TASK PROMPT: Repeat exactly the lines below, from the line containing "170度広角視野 常時録画 Gセンサー_画像3" through the last line, both included. Leave out any pictures.

INFORMATION SHOWN below:

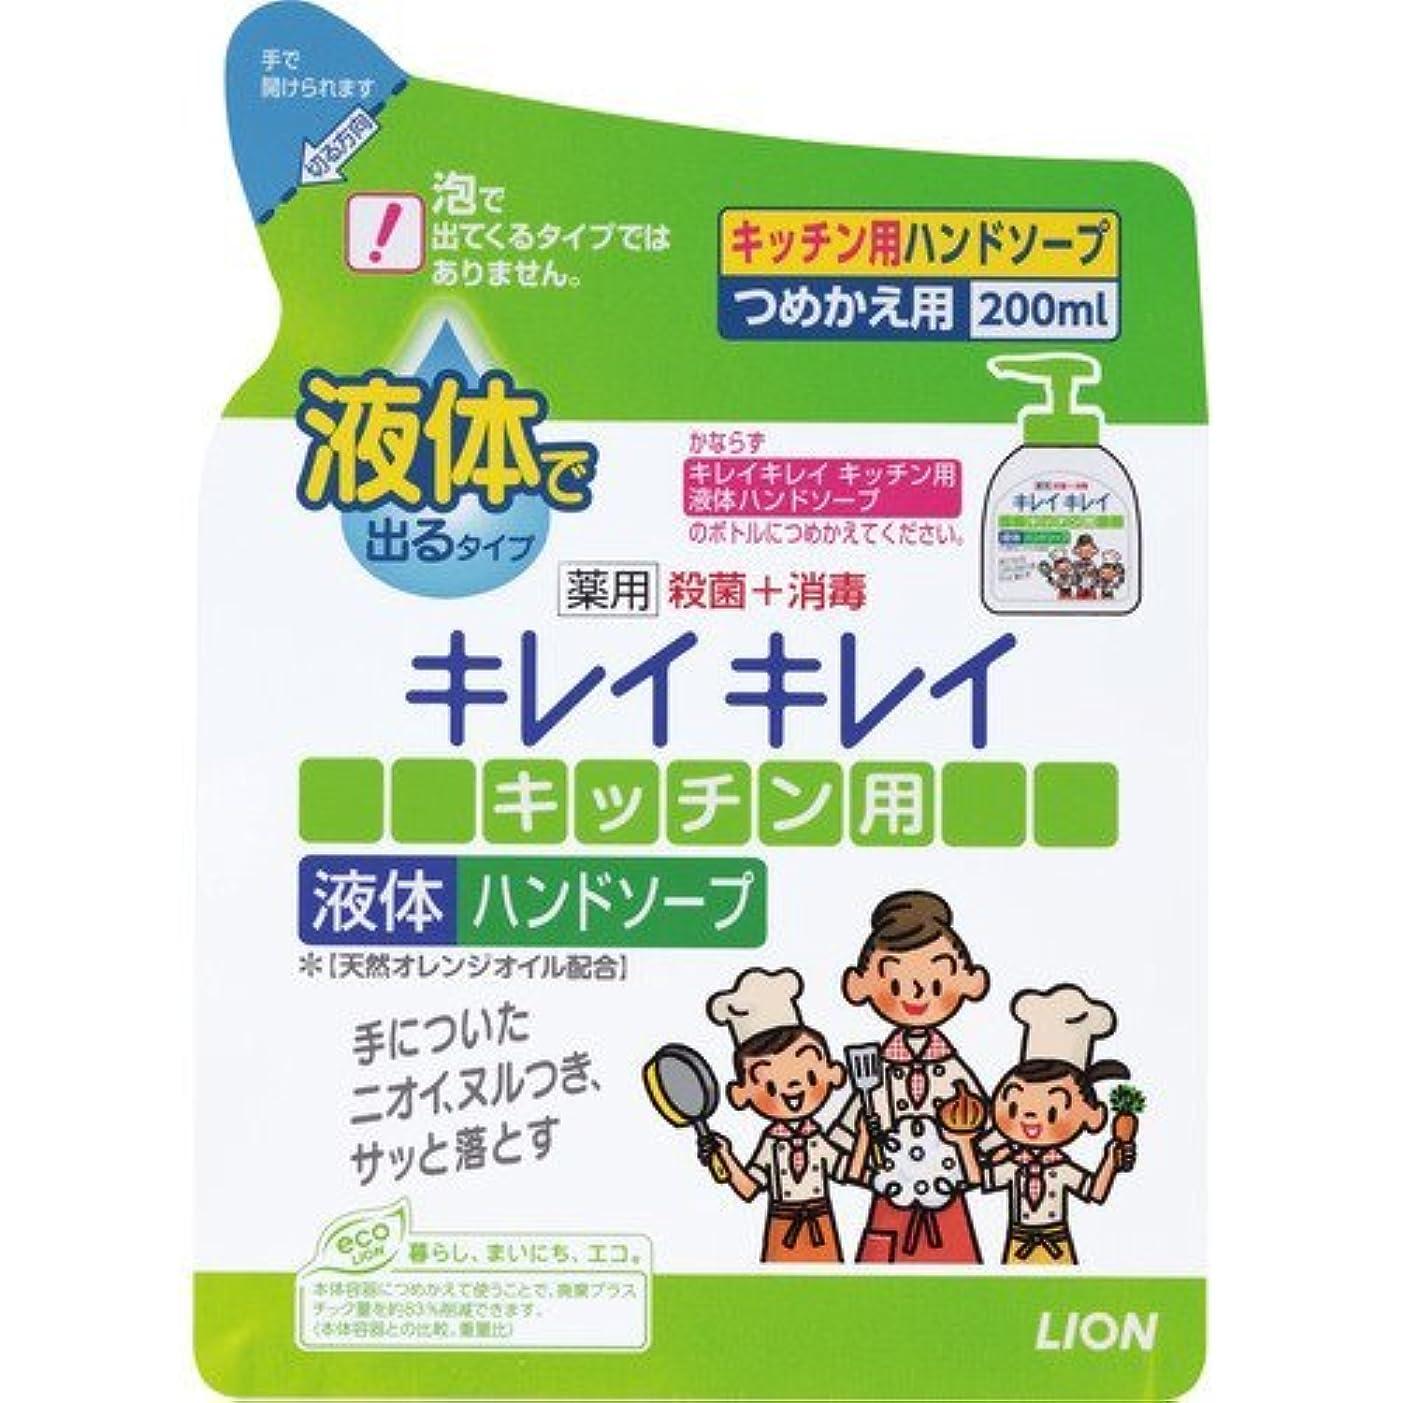 小数甘くする貧しいキレイキレイ 薬用 キッチンハンドソープ 詰め替え 200ml(医薬部外品)
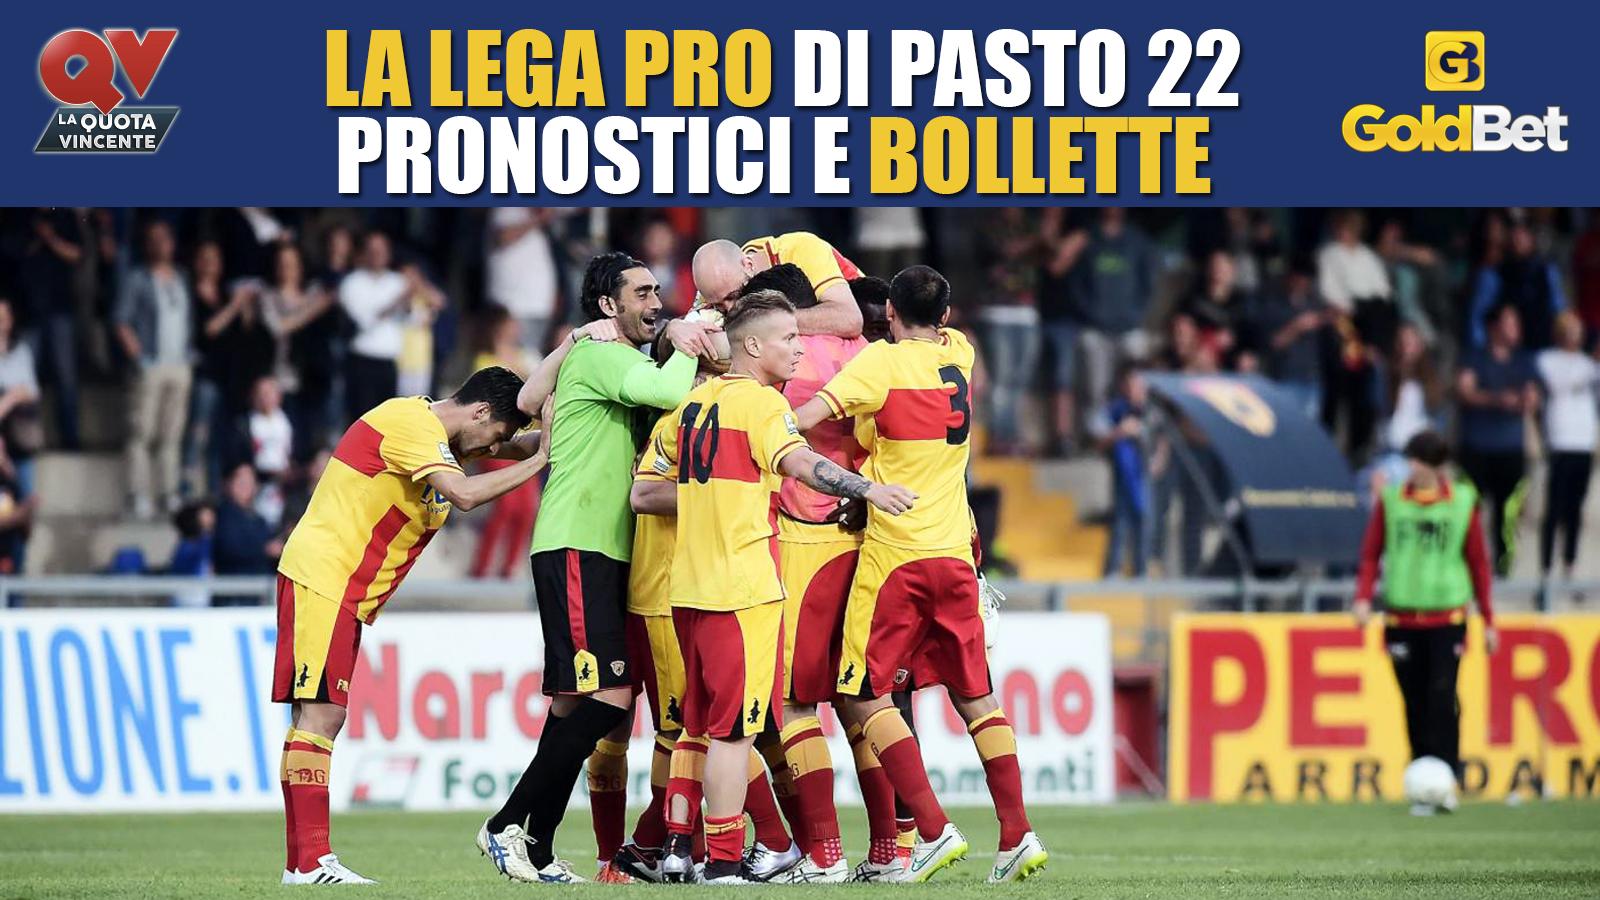 lega_pro_blog_qv_pasto_22_benevento_esultanza_news_scommesse_bollette_calcio
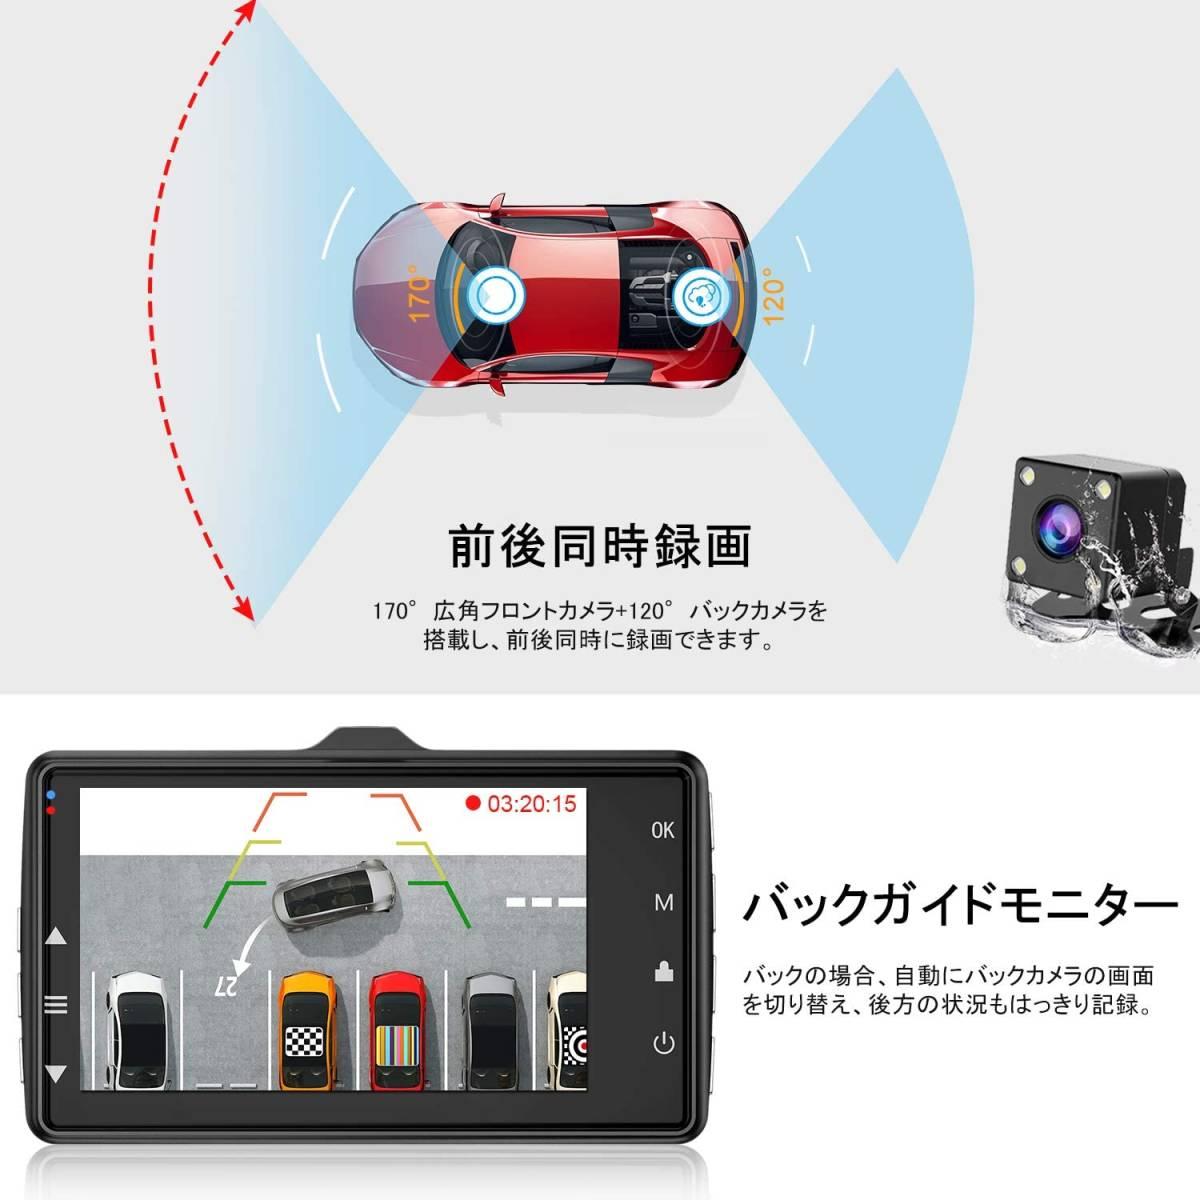 【2021進化版&GPS搭載&前後カメラ】.ドライブレコーダー 前後カメラ1080PフルHD 3.0インチ高画質 170度広角視野 常時録画 Gセンサー_画像3
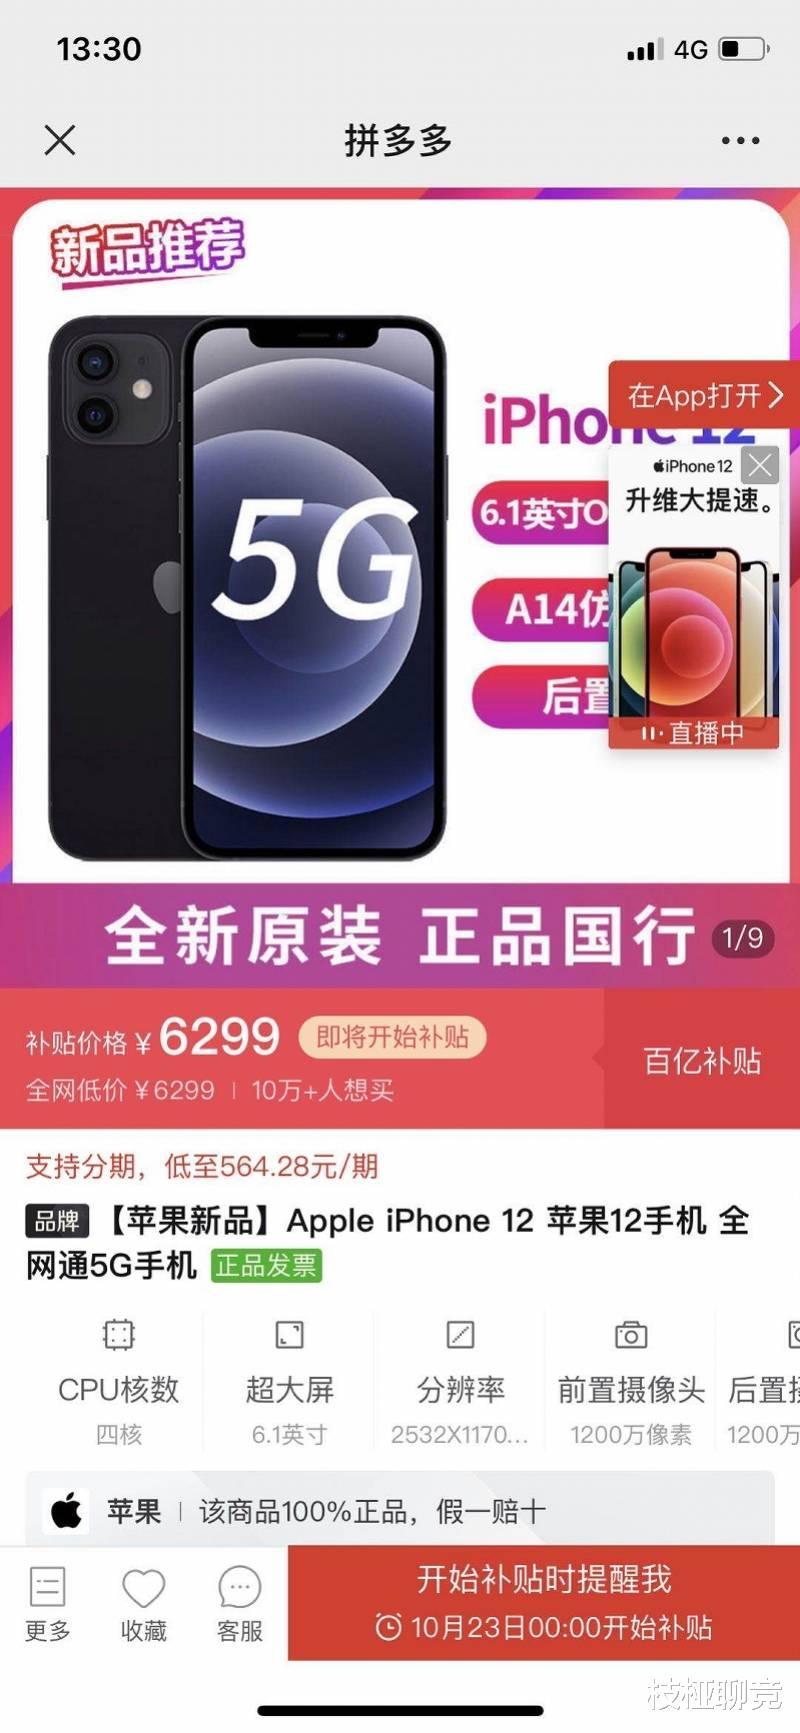 iPhone12預售火爆蘋果官網被擠崩, 電商首批機型售罄-圖2

End of INFORMATION SHOWN.

EXPECTED ANSWER:
 【2021進化版&GPS搭載&前後カメラ】.ドライブレコーダー 前後カメラ1080PフルHD 3.0インチ高画質 170度広角視野 常時録画 Gセンサー_画像3
 iPhone12預售火爆蘋果官網被擠崩, 電商首批機型售罄-圖2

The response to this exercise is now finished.